→ Your task:
As the answer, give exactly the lines of the records below from the one with "Timus Club Mumbai" through the one with "Glasses Tray - Round", ends included and pictures left out.

→ Provided information:
== == ==
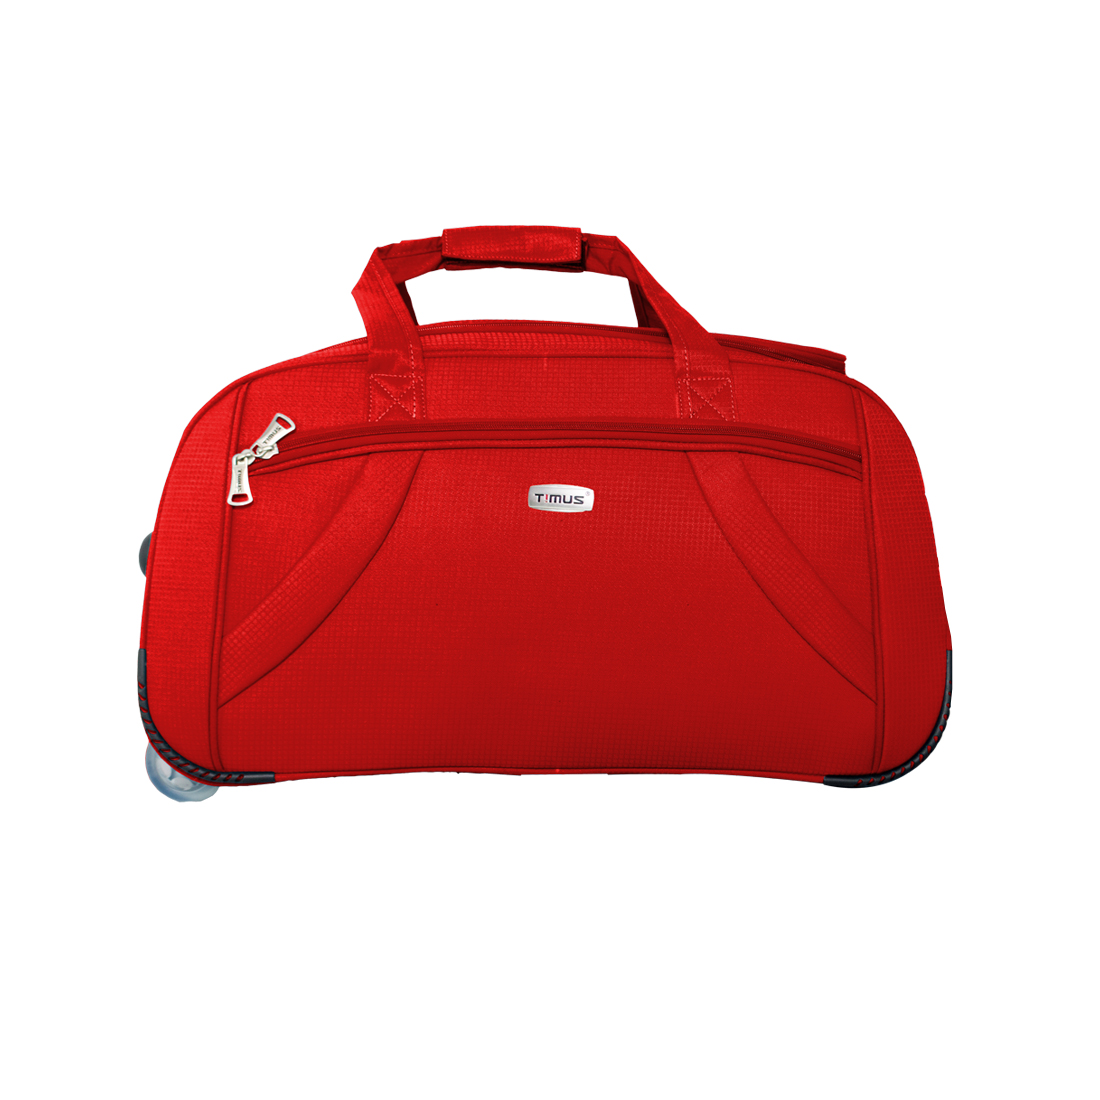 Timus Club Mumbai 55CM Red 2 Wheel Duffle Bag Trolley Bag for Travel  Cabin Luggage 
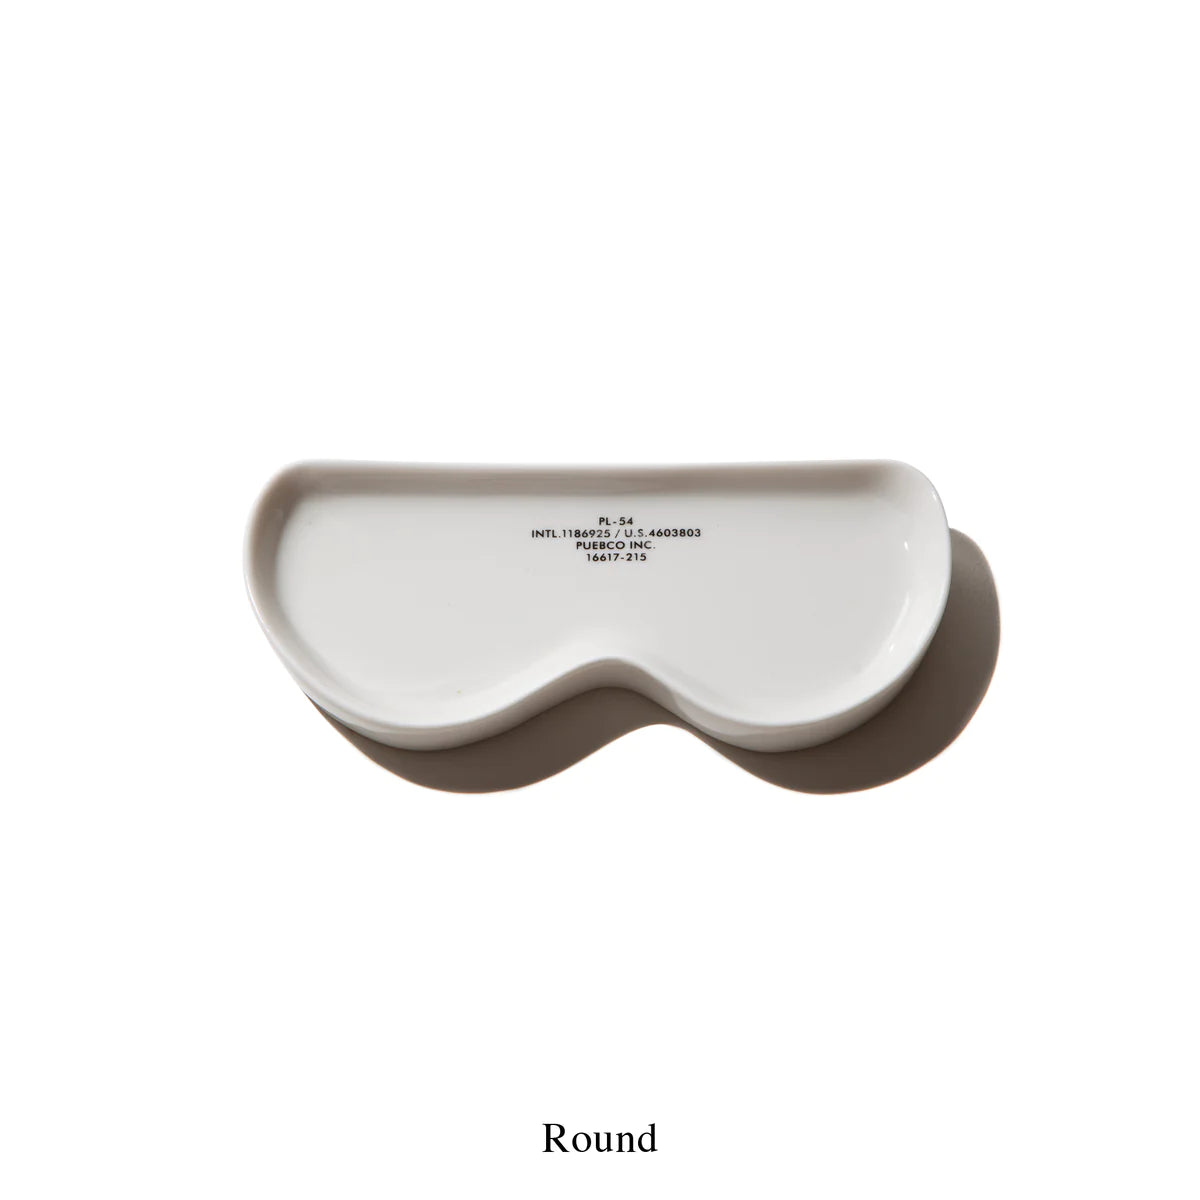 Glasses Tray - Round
== == ==
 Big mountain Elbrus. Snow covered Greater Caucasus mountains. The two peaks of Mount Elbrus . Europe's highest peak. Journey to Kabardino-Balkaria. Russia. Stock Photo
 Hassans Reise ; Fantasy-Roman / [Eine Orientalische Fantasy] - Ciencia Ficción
== == ==
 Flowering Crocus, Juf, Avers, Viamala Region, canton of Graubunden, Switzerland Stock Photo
== == ==
→ Completed exercise:
 Timus Club Mumbai 55CM Red 2 Wheel Duffle Bag Trolley Bag for Travel  Cabin Luggage 
 Glasses Tray - Round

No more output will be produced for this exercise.